Filter Oscillation Tech Talk....

[Hollow Sun]

From Gwenhwyfaer....

As regards the self-oscillation issue, I think it has to do with the filter topology Alesis use and the difference between fixed and floating point DSP. Here's my (albeit amateur and limited) understanding of that:

With fixed point DSP, your signal varies between -1 and +1, but typically you'd reserve a couple of bits for headroom so it could actually go from -8 to +8 and then clamp it to -1 or +1 at the output (either by just hard clipping it, or by applying a saturation curve). But the key thing is that whatever you do to the signal on the way through it never steps outside that -8..+8 boundary, which means that you have to worry a lot less about keeping everything else in check. That's actually pretty similar to the way analogue circuits behave - no matter what you do, no matter where you are in the circuit, you can't ever step outside the bounds of the power rails.

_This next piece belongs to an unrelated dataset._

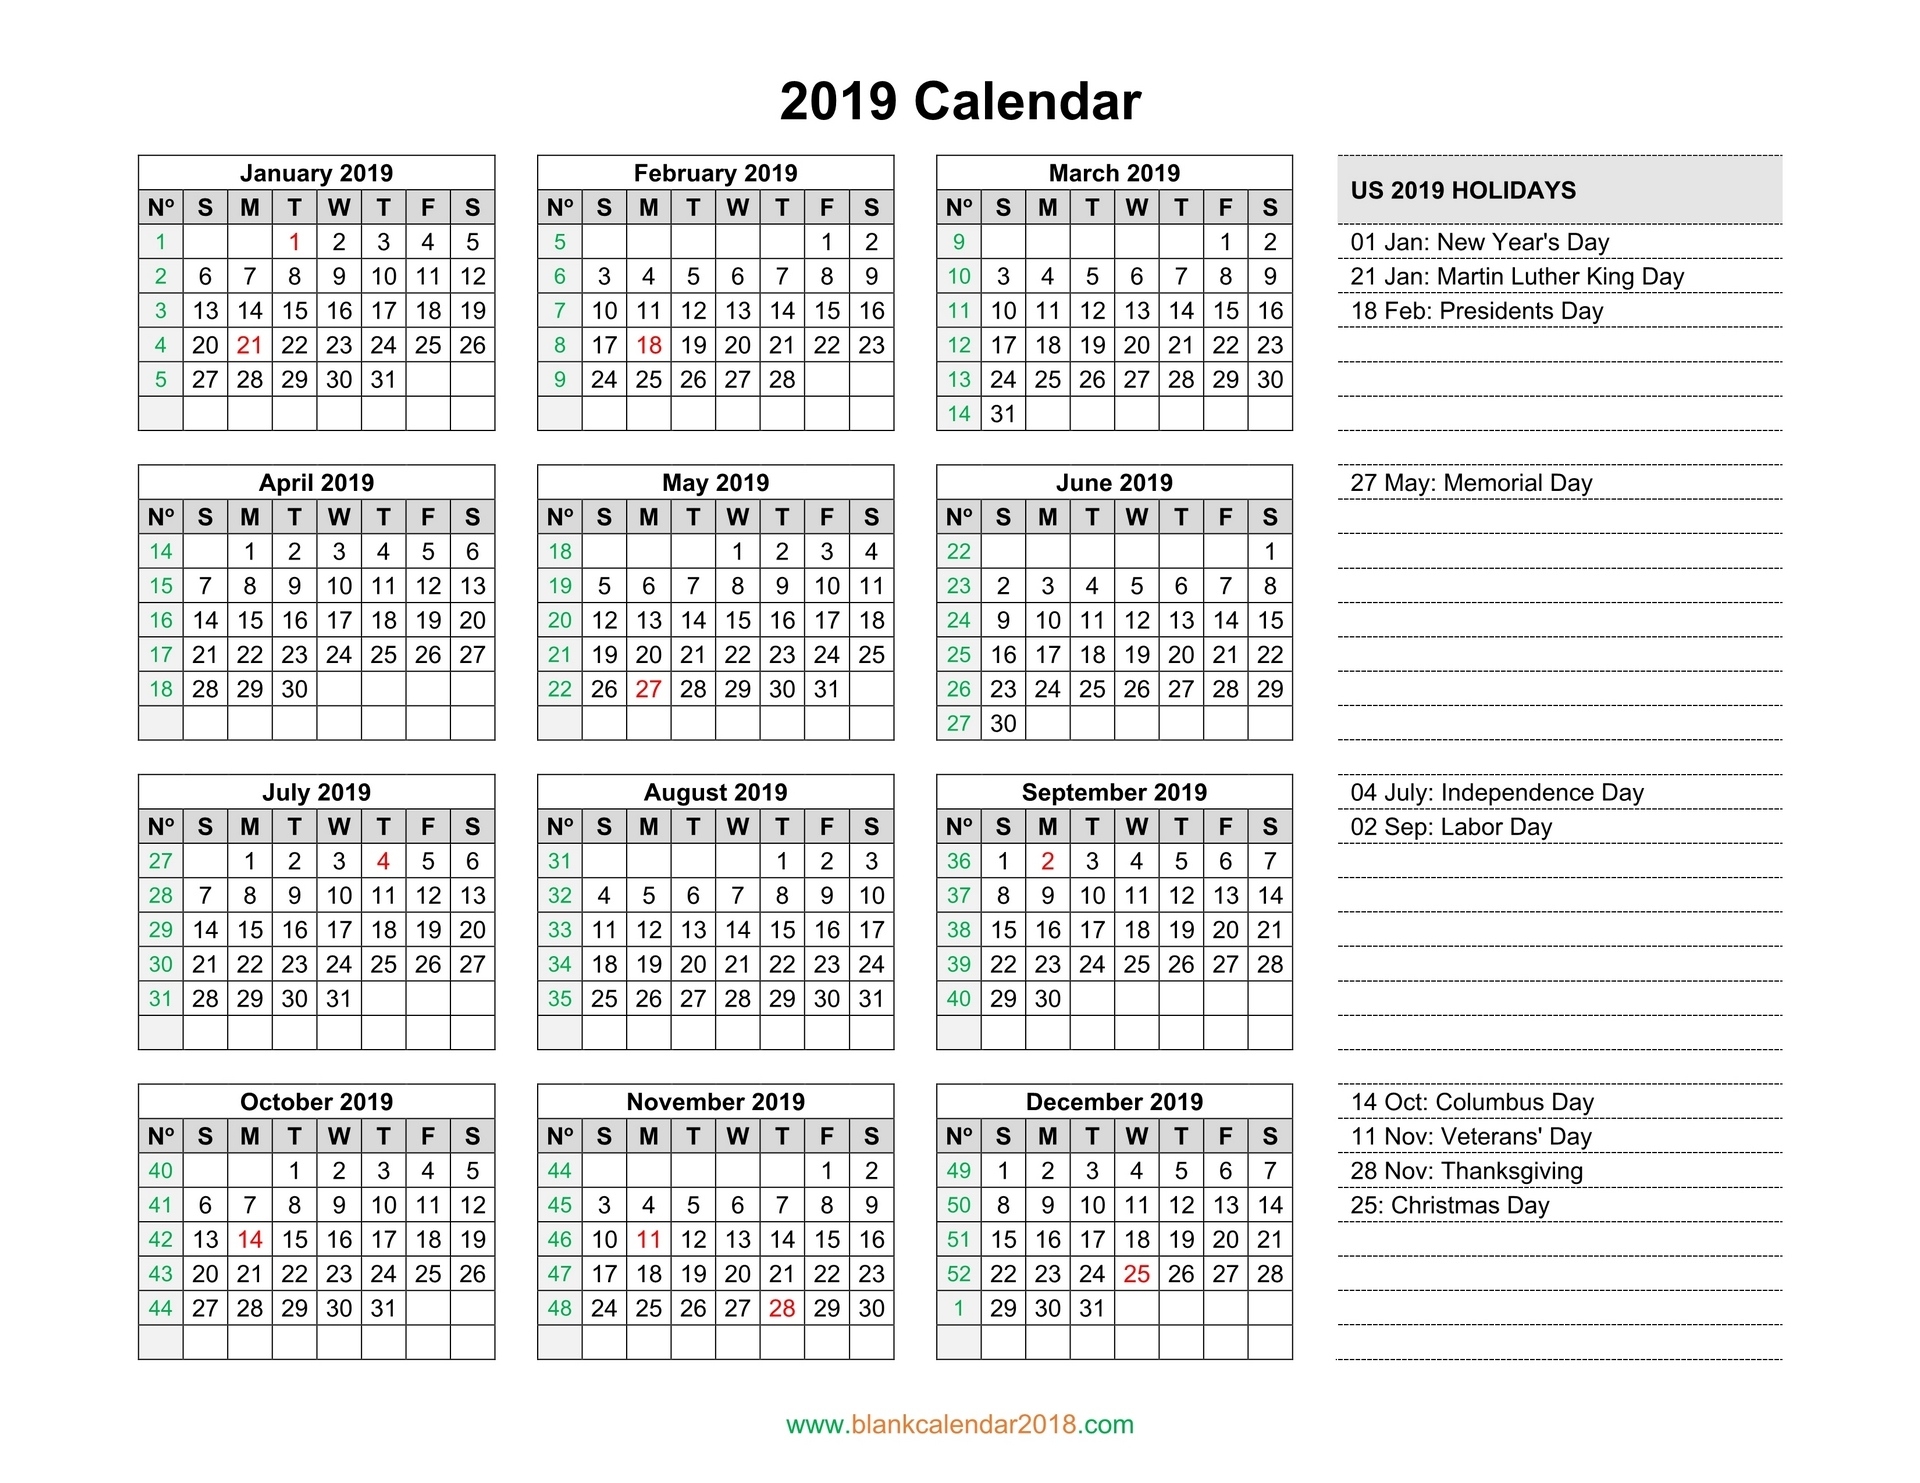 Blank Calendar 2019 Note 8 Calendar Holidays
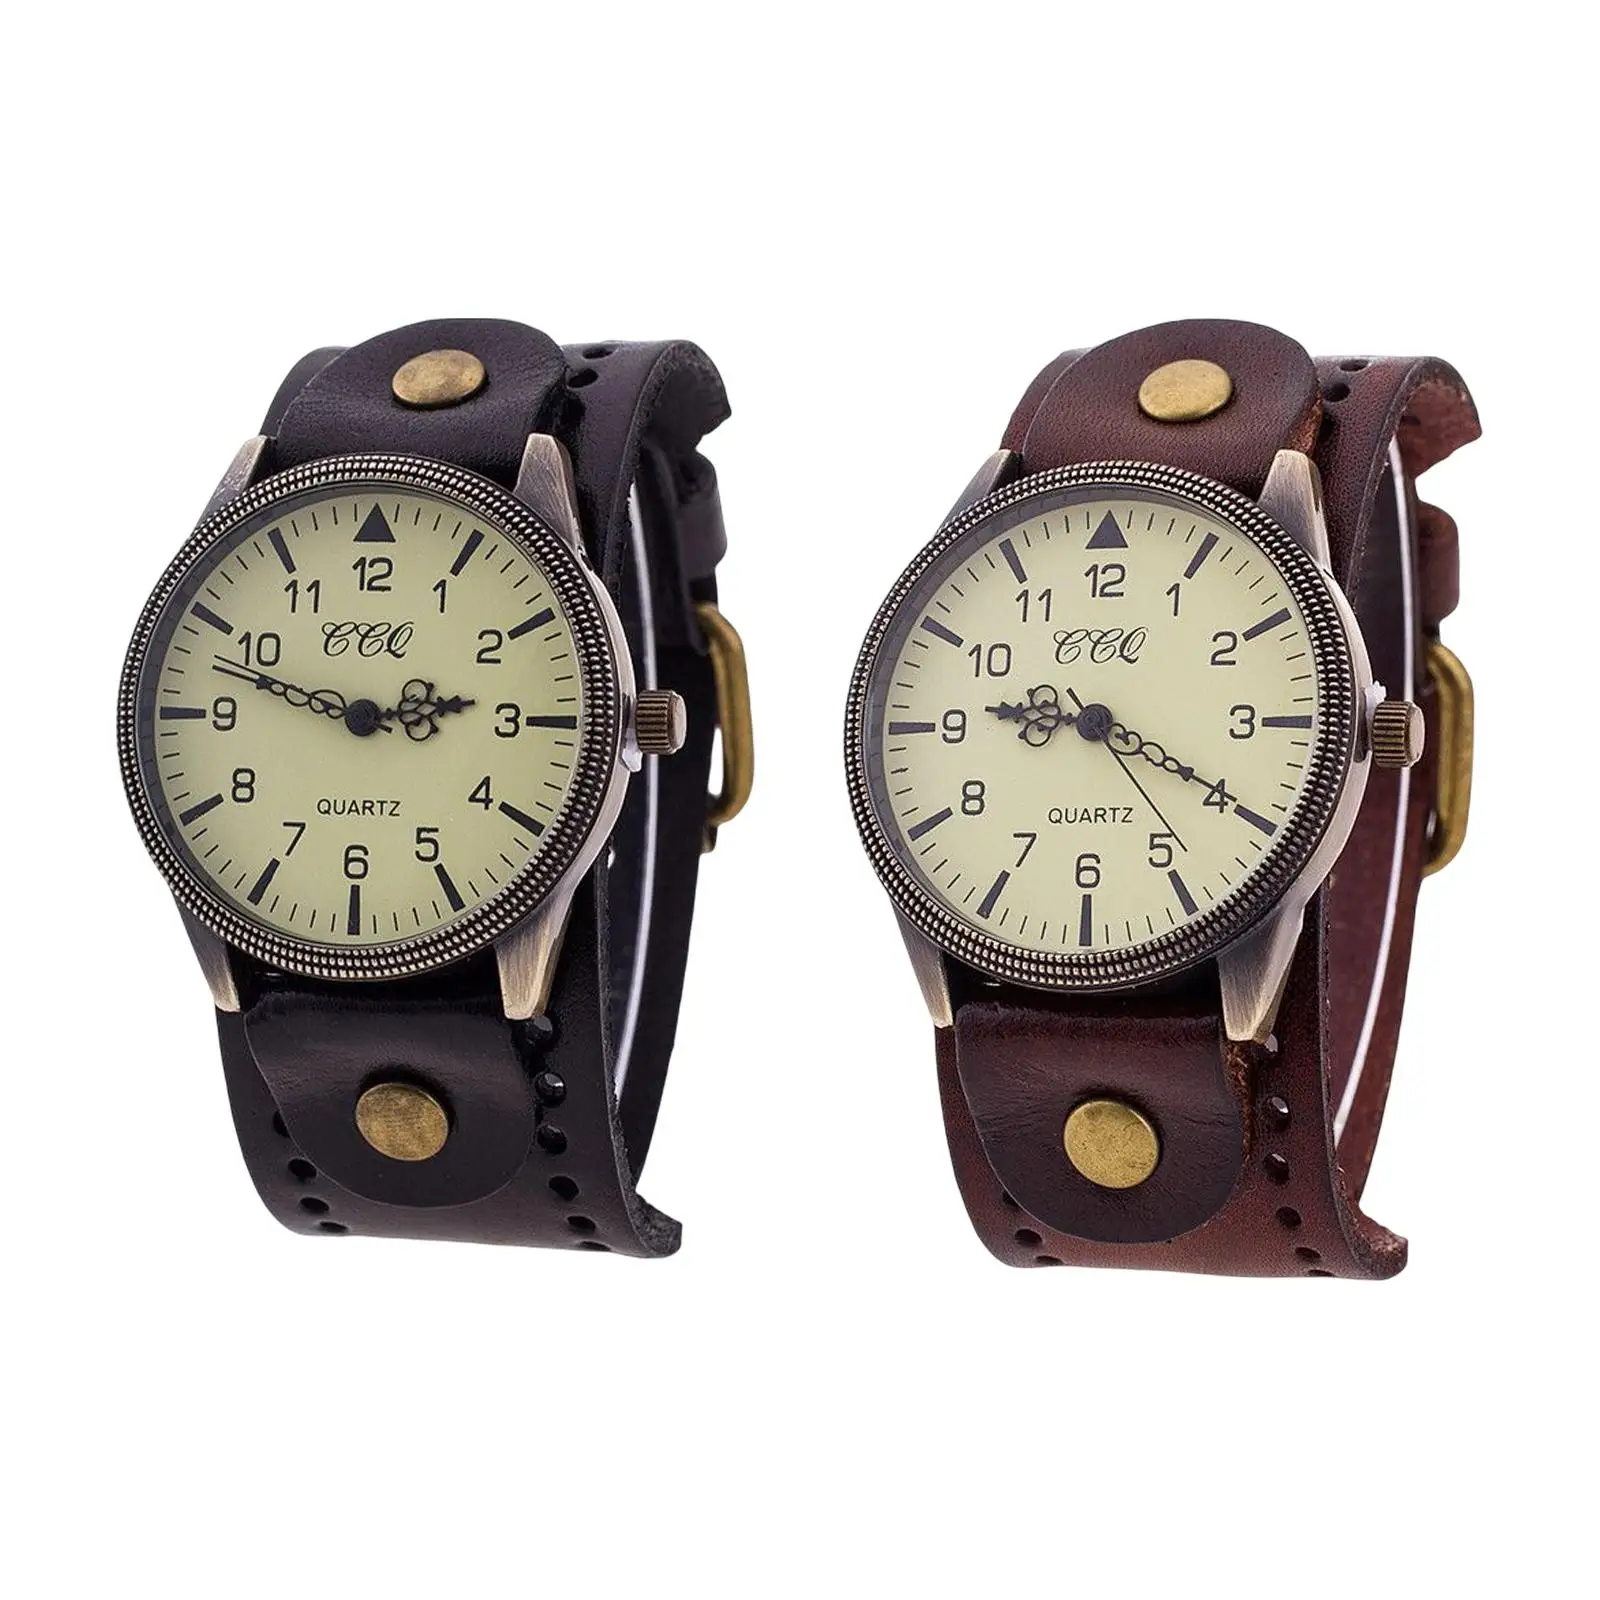 Retro Watch Bracelet PU Leather Male Watch Band Cuff Hybrid Design Wristwatch for Men Women Bracelet Watch Band Comfortable

But for floating point DSP, even if you clamp it at the output, your signal can end up varying over the whole capacity of the floating point range (typically -10^38 to +10^38), and if you're not careful about where you limit it, your signal can end up running riot over the +/-1 boundary. So long as your signal path is always going forward, that's not too much of an issue - the problems come when you start fiddling with feedback loops...

And that's the thing about resonant filters. Resonance in a filter is pretty much the same as resonance in anything else - the frequency to which the filter is "tuned" will ring when an impulse is applied to that filter. Self-oscillation occurs when the noise in the filter circuit itself provides a continuous stimulation of the filter, and its resonance is turned up high enough that it will "ring" with even that tiny input. (Think of guitar or mike feedback - it's the same idea.) In essence, what happens is that the circuit is feeding back on itself until it reaches a steady state, which is defined by where the signal ends up being limited within its signal path (each diode or transistor in a filter will provide a limiting step, for example).

But of course, a floating-point digital filter doesn't have those internal limiting steps unless someone inserts them... but inserting what's equivalent to a lookup table or a cubic function at every stage gets computationally expensive damn quickly, and also has the potential to introduce unbounded aliasing! But without it, certain filters (in particular the SVF, one of the most common digital filters because it's otherwise pretty easy to control) will just resonate themselves to bits (metaphorically speaking) unless you take steps to limit the resonance level to - well, probably to about 80%, which is what Alesis appear to have done. Any higher and at certain points your carefully crafted wave will just turn into unusable digital mush. And hence even the RP filter, which will whistle away quite happily on the Micron, won't reach self-oscillation on the Fusion.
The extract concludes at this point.